Decepcionado y levantándose poco a poco, Kotaro no sabía muy bien lo que haría después de eso. En lugar de comprender lo bien que lo había hecho, simplemente se criticaba mentalmente por no haber sido lo suficientemente bueno.
— ¡Oye! —Ryu llamo la atención de su retador —No seré tu maestro, pero sí podemos tocar algún día, no es que tu música me importe ni nada, simplemente ya sabes, quizás así aprendas un poco a estar a la altura —Tratando de negar que había disfrutado la canción del adversario, el albino le incito a hacer una colaboración en otro momento.
— ¡Eso haré! ¡Gracias! —Casi saltando de la alegría el joven guitarrista corrió de vuelta con su amigo el mago, quien lo esperaba sentando en la fuente robándose las monedas que la gente tiraba en ella para poder hacer trucos.
Mientras todos se iban, un joven de cabello corto había estado apartado de aquella increíble noche de emociones. Su carrera, es de esas que aunque maravillosa, puede simplemente hacerte perder momentos realmente valiosos.
—Parece que he llegado tarde —Con la cabeza baja Kensuke se deprimía al notar que la música había terminado y la gente ya se estaba marchando del poblado —Demonios, puede que me guste mucho Kokomi como profesora pero... ¡Era necesario darme tanta tarea para mañana! ¡Además es sábado! Nadie hace nada los sábados... —Seguía lamentándose el joven pensando en lo mucho que se podría haber divertido de no haber estado estudiando.
Un mensaje de su docente llego mientras se quejaba de sus problemas tontos, este lo dejo con la boca abierta.

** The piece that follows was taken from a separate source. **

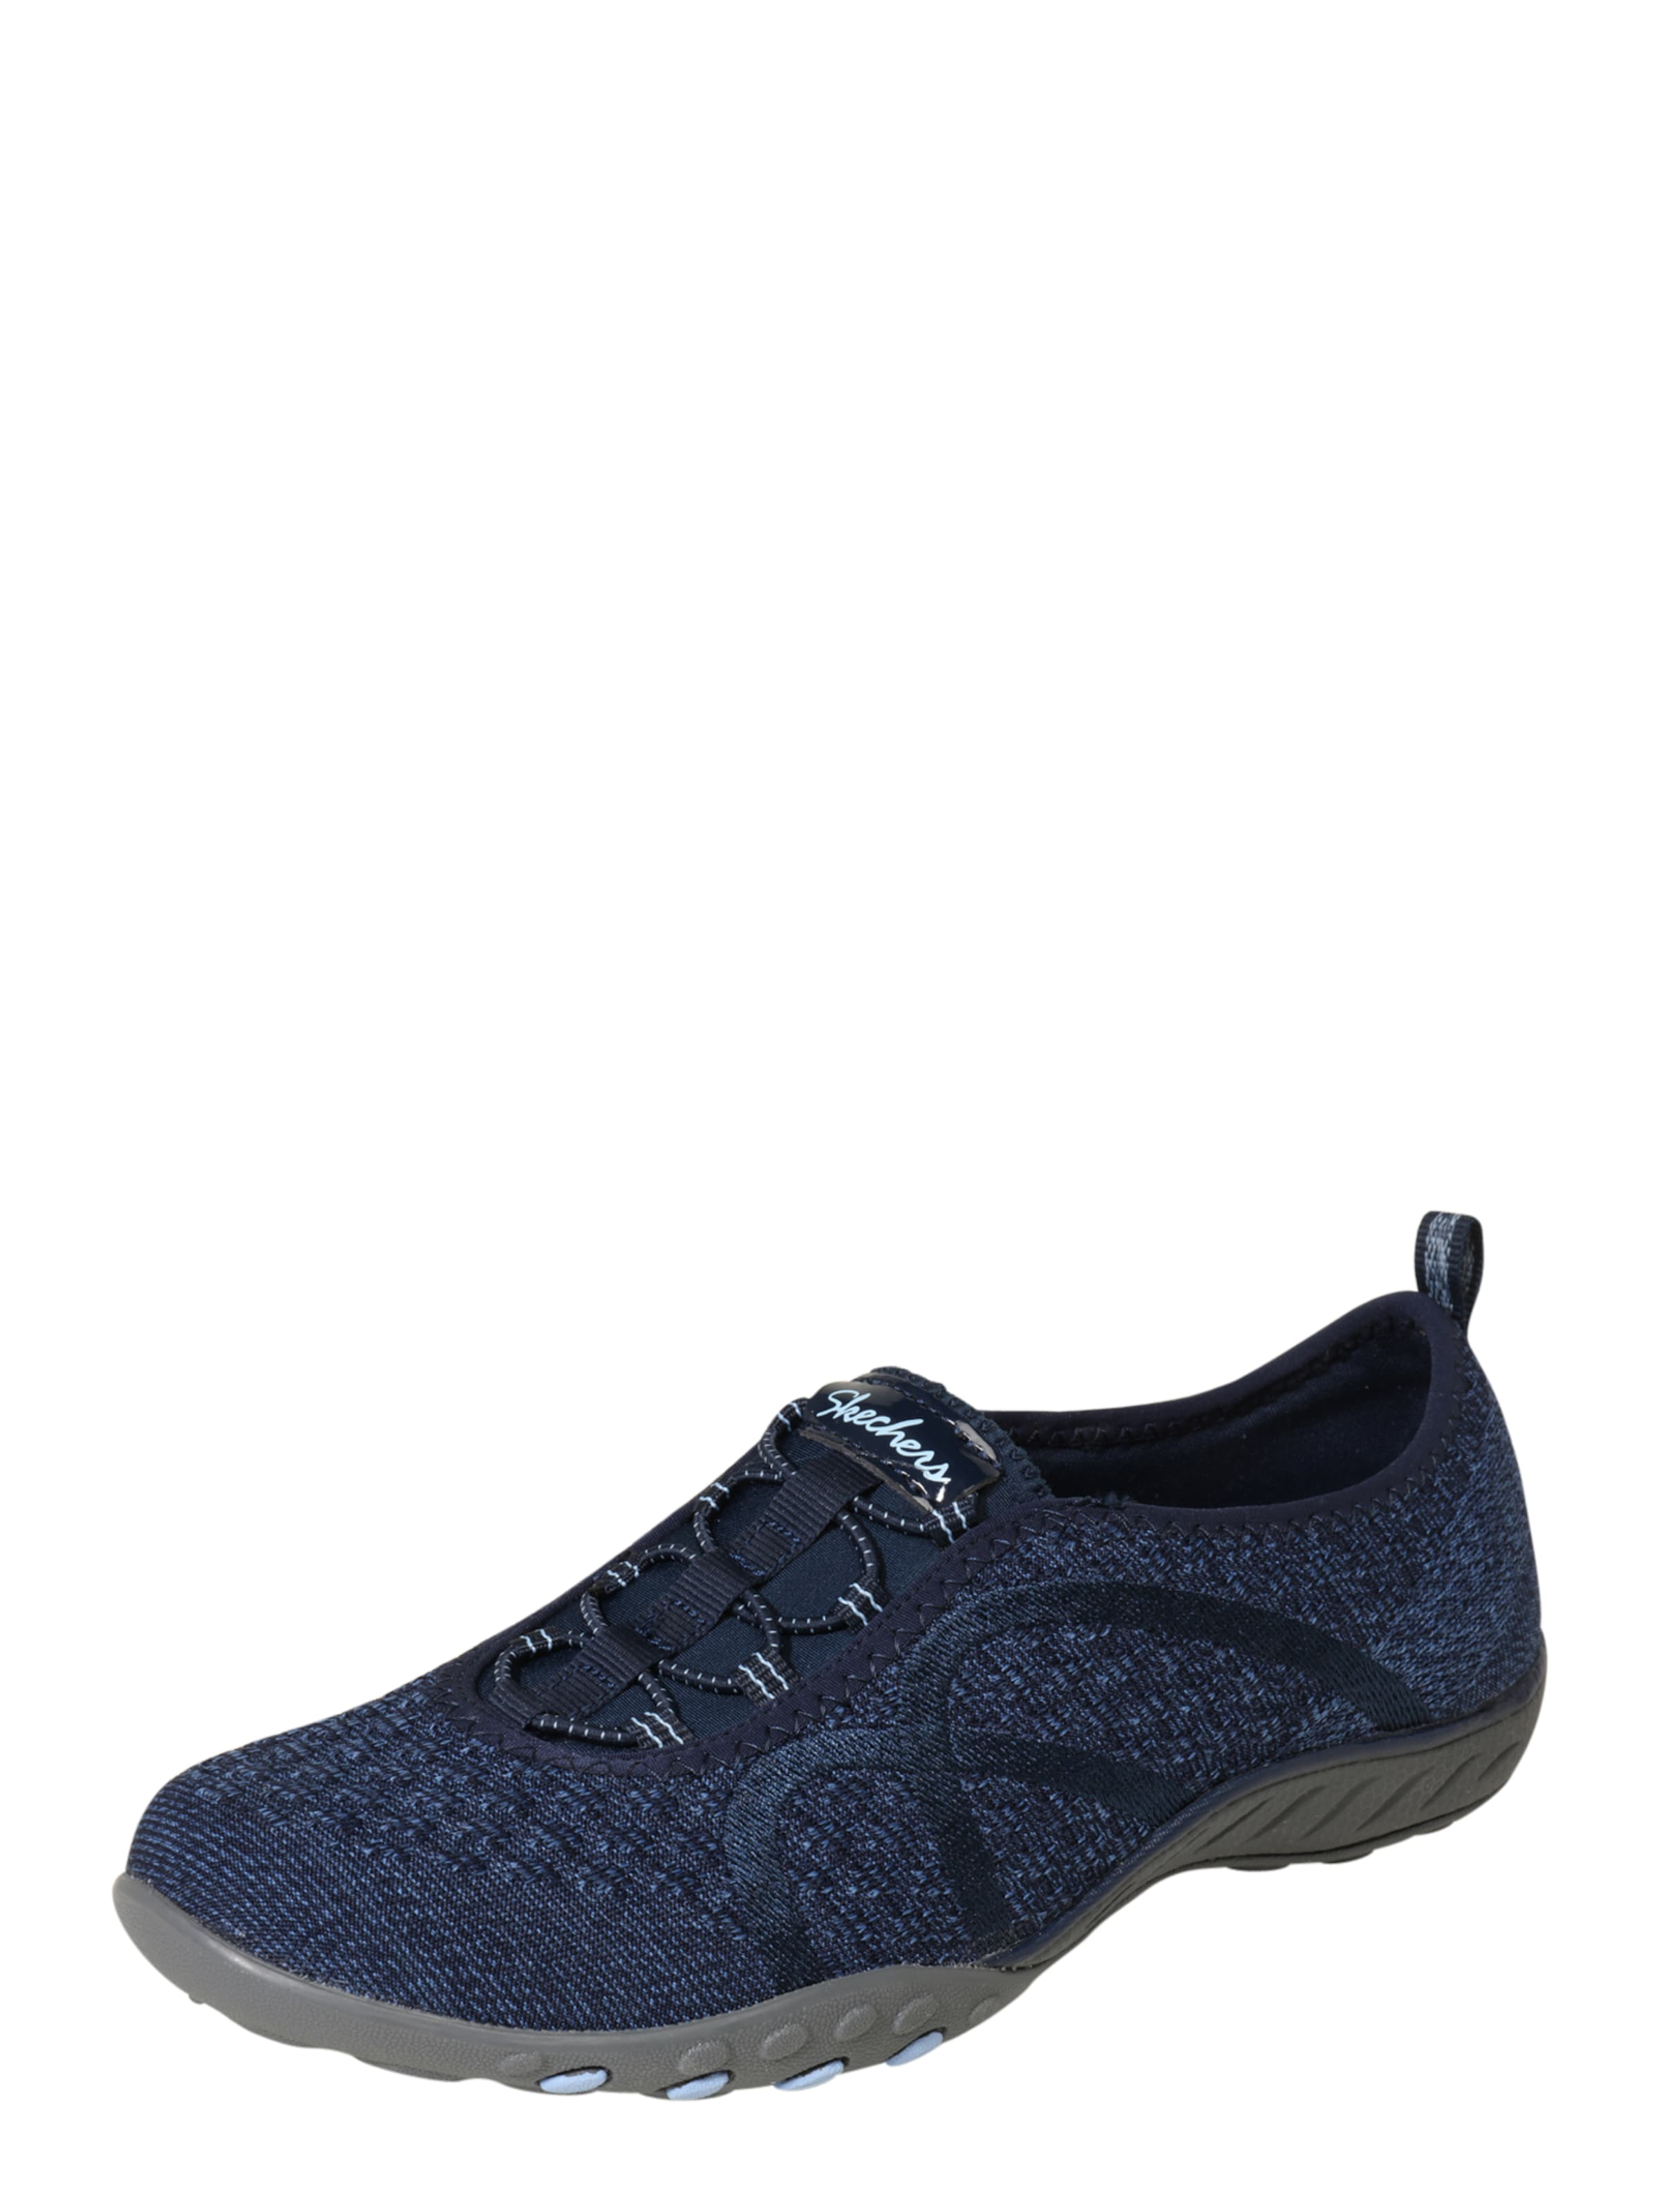 Sketchers Chaussures De Sport Laag « Respirer-facile Fortune » Marine fGeCnT
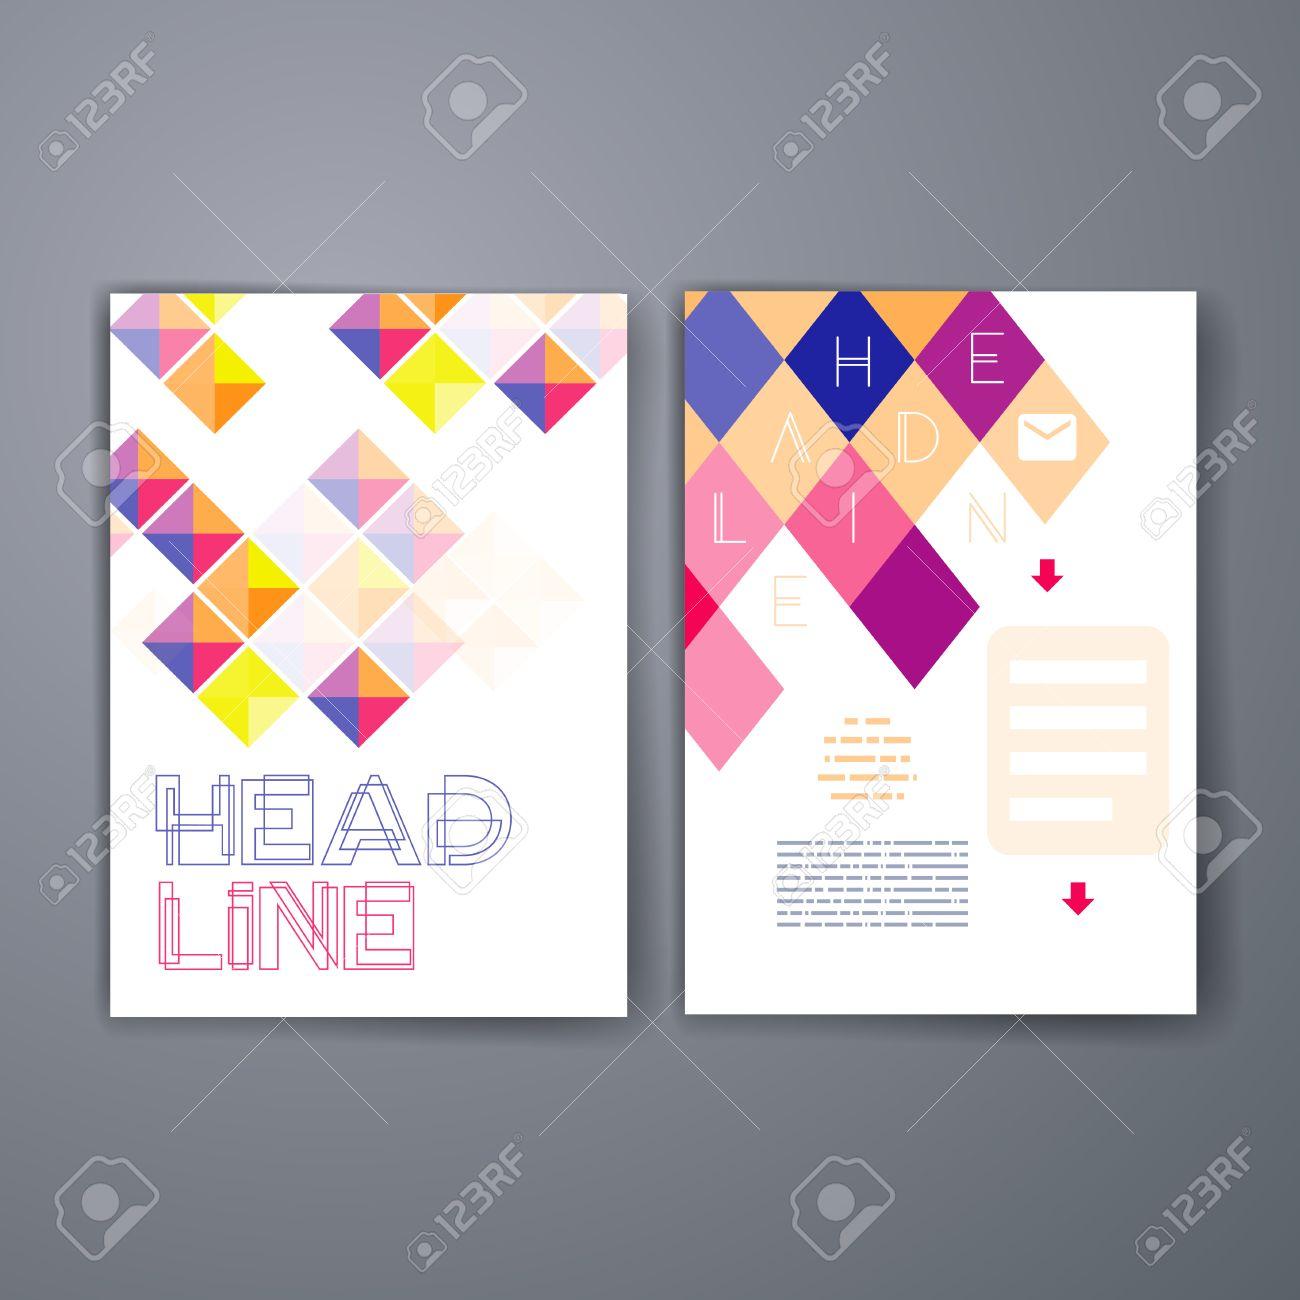 templates vector flyer brochure magazine cover template can templates vector flyer brochure magazine cover template can use for print and marketing

—"Tendremos pacientes mañana, espero que hayas estudiado bien lo que te puse sobre la estructura al completo de la pierna, el equipo de fútbol vendrá a hacer chequeo y vi que no tienes mucho conocimiento de piernas" —Decía el mensaje de Kokomi el cual le hacía reflexionar.
—Cielos... Parece que realmente la subestime —Pensó Inoue suspirando —Bueno... También me vendrá bien para cuando esa castaña venga —Sonrió Kensuke pensando en Kai.